**YOUR TASK**.
Copy nothing but the lines below running from the line containing "Übersichtsplan des Christkindlmarktes" through the line containing "1988 - 500 Livres", both end lines included.

**THE DATA**.
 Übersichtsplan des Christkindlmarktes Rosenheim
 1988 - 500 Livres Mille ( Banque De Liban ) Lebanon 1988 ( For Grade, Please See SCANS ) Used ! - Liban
--
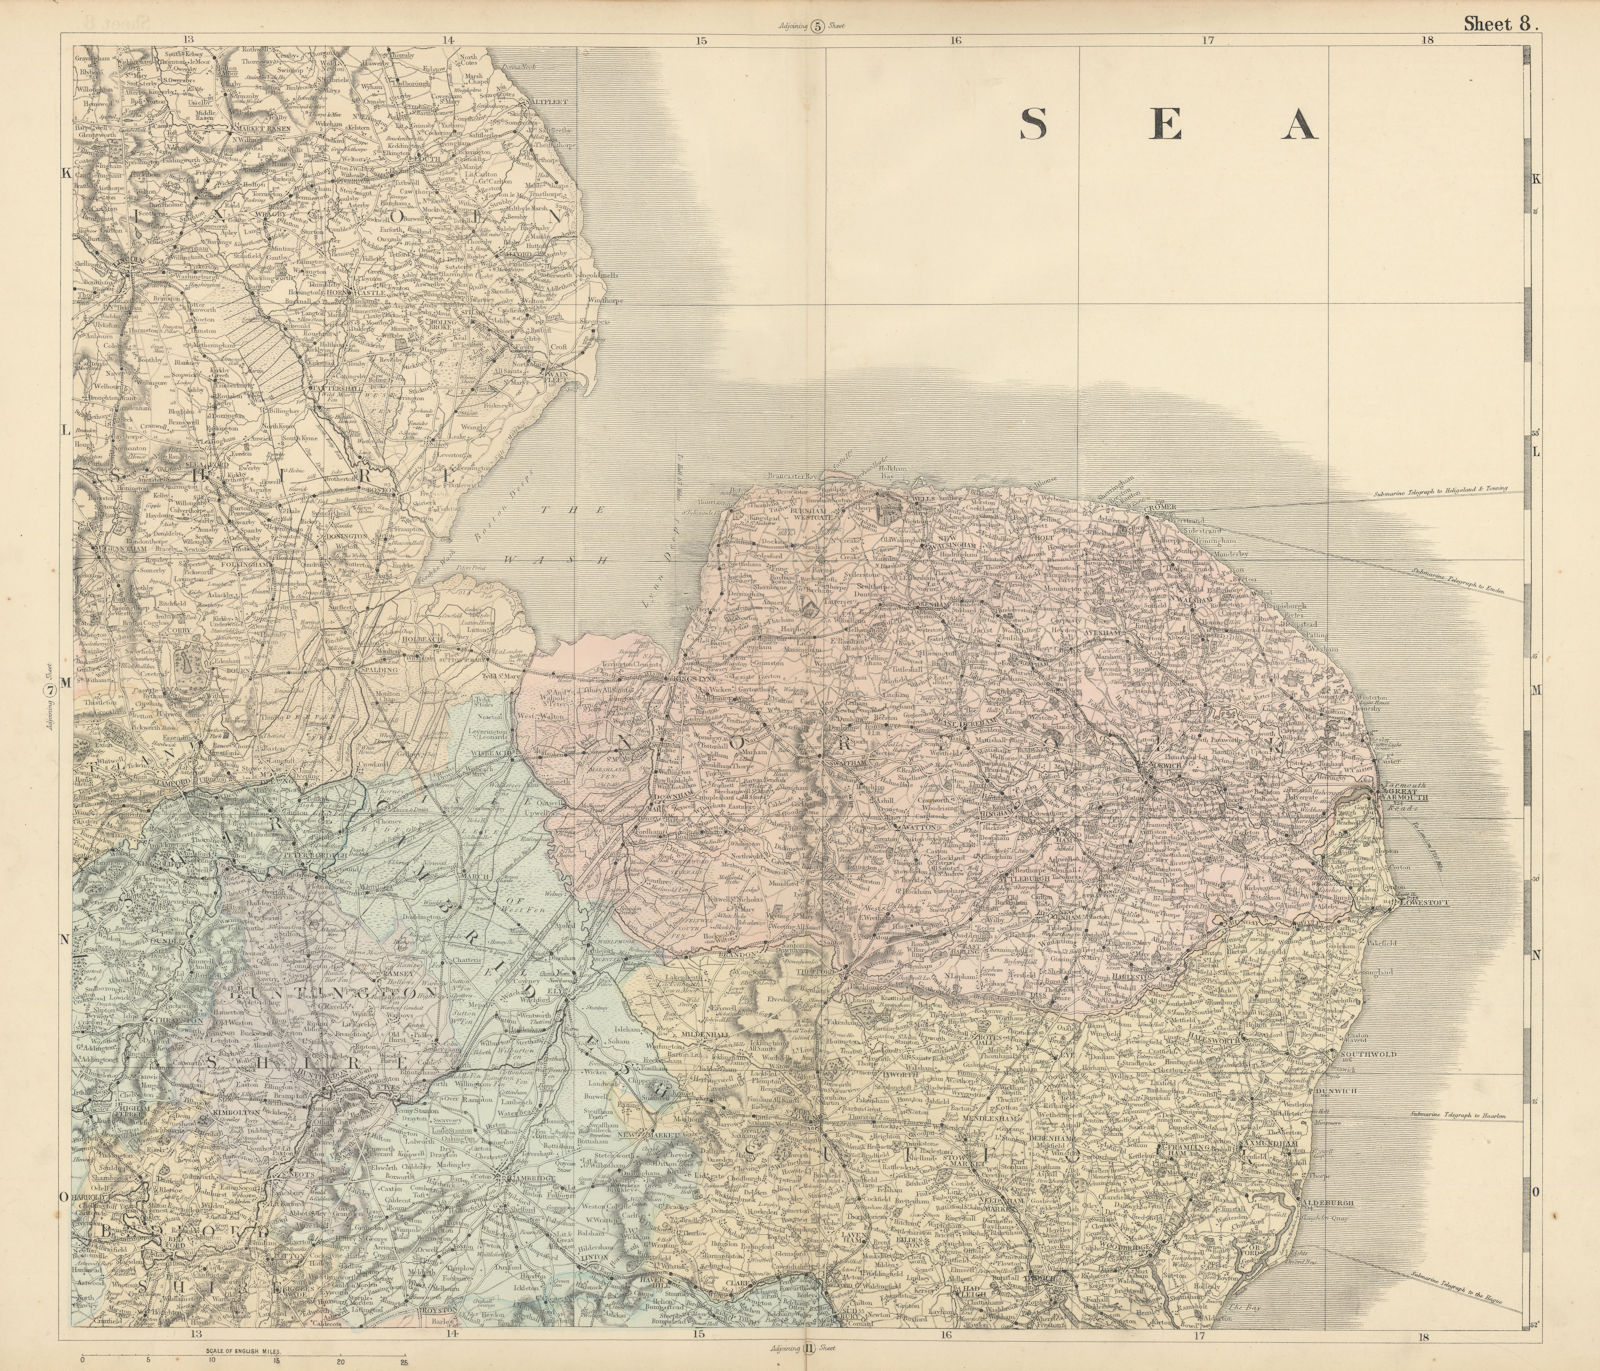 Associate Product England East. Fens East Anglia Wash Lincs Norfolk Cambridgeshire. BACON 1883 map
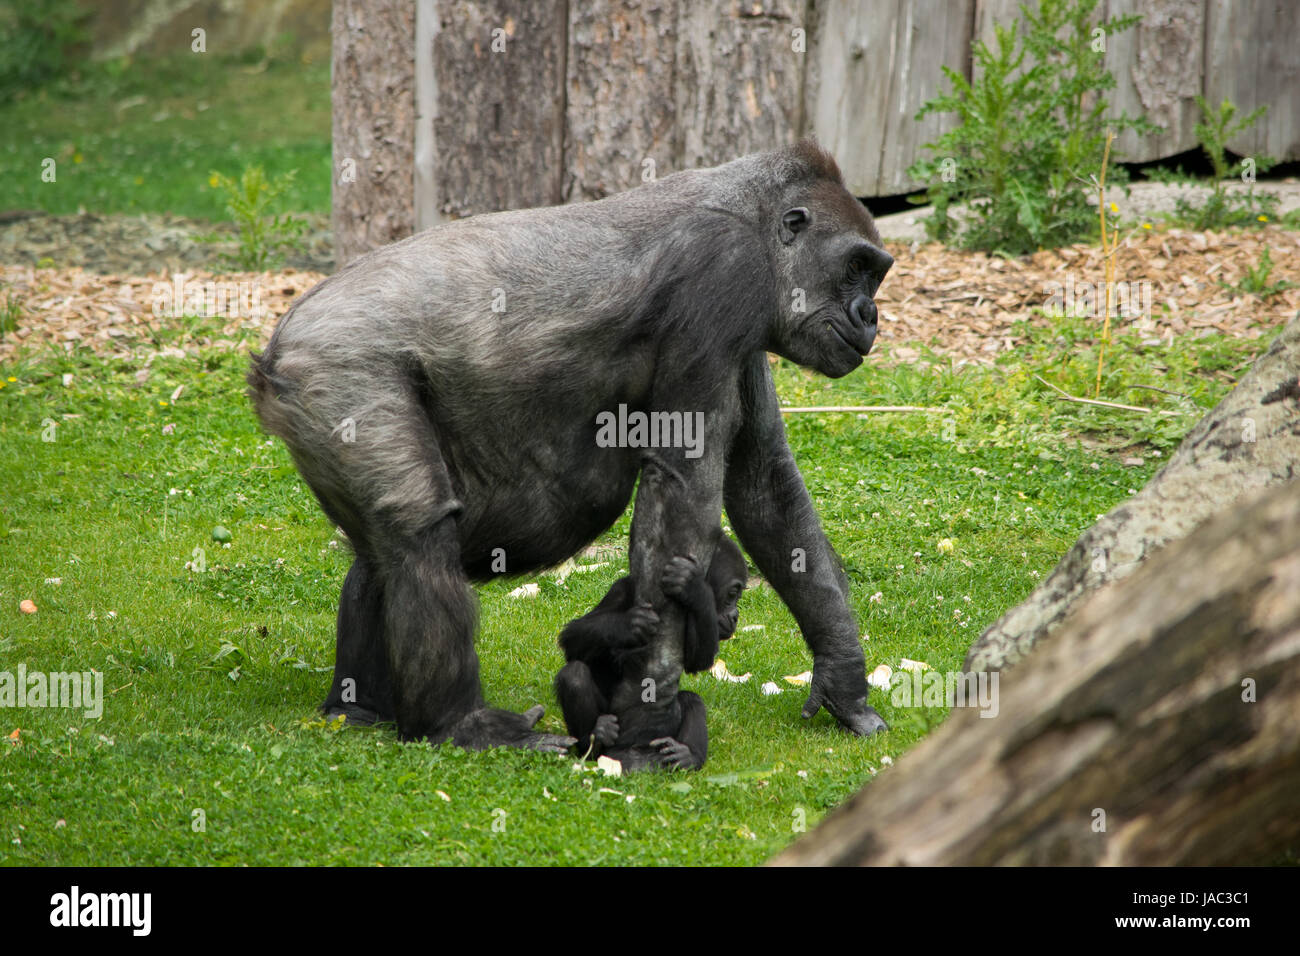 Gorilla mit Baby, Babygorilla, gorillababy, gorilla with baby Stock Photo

**REPLY**.
 Übersichtsplan des Christkindlmarktes Rosenheim
 1988 - 500 Livres Mille ( Banque De Liban ) Lebanon 1988 ( For Grade, Please See SCANS ) Used ! - Liban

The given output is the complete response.